Along the way, he discovered an affinity for Latin music.

“I knew the people in Bio Ritmo from their beginning, but salsa wasn’t really my thing. When I got to New York, where you meet so many Latin musicians, I realized there was this whole history with accordion and cumbia.” He was a founding member of Olivier Conan’s Peruvian cumbia sextet Chicha Libre. The band put out two well-reviewed albums and an EP before moving into occasional reunion status in the middle of the last decade. The dissolution left Camp with a trove of song ideas and demos written for a band that was no longer active. Bio Ritmo leader Marlysse Simmons suggested he submit them to Pablo Yglesias at DJ-run Peace and Rhythms Records, and C.A.M.P.O.S. was born. “I was thinking it would be an EP,” Camp says, “But they released a double record.”

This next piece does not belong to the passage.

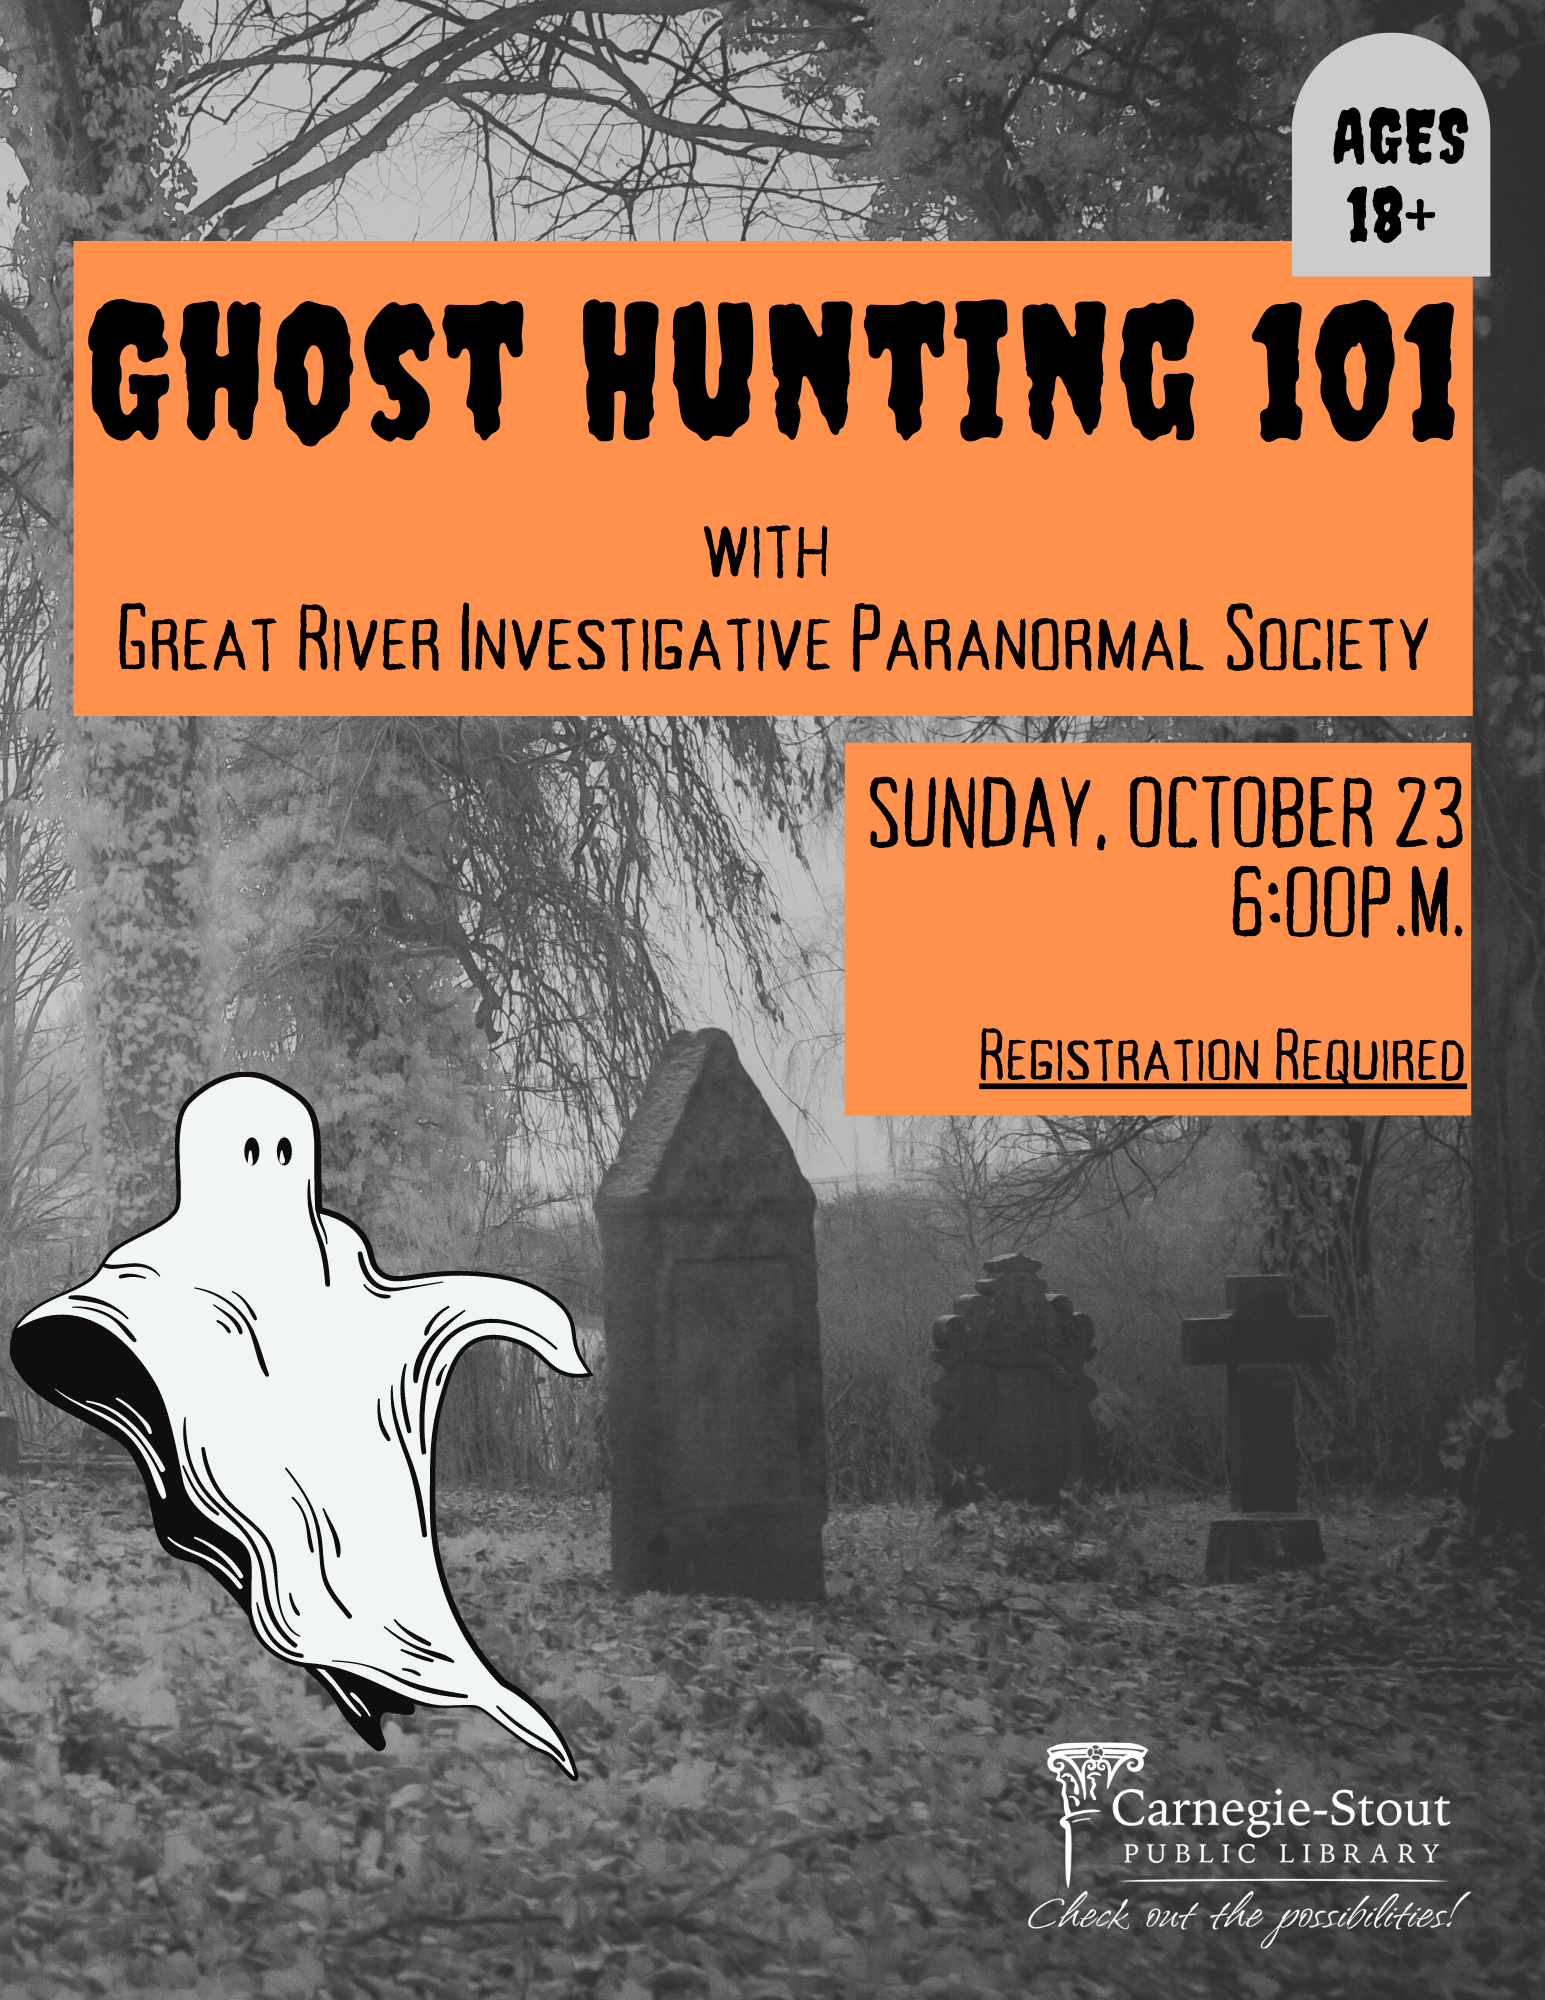 Ghost Hunting 101 flyer with a black and white cemetery photo as the background

Bio Ritmo - PETER MCELHINNEY
  • Peter McElhinney
  • Bio Ritmo

This is the first RVA performance by the band, whose name is both eponymous and an acronym for “Cumbias and More Psychedelic Original Sounds.” The music is joyously propulsive and kaleidoscopically melodic, enjoyably unpredictable, and approachably coherent. “I guess the difference [with living in NYC] is that in Richmond you can go see this cool salsa band in a club, but on my block, you just hear that in the streets. It’s just part of the culture. People are just playing it all the time and I think it really started to seep into my consciousness.” Ironically, moving north musically marinated Camp in a style from way, way, way down south.

C.A.M.P.O.S opens for Bio Ritmo at Ember Music Hall, 309 E Broad St, at 8:00 p.m. on Friday, July 28. Tickets start at $20.89.